Data items:
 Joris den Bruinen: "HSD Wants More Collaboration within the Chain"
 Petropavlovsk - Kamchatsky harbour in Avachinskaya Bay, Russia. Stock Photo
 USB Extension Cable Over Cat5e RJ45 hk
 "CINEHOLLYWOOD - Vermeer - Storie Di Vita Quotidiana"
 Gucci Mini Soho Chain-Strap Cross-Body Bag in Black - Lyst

**Instructions to follow**
Copy all lines from the entries that contain the word "Chain".

**Output for this task**
 Joris den Bruinen: "HSD Wants More Collaboration within the Chain"
 Gucci Mini Soho Chain-Strap Cross-Body Bag in Black - Lyst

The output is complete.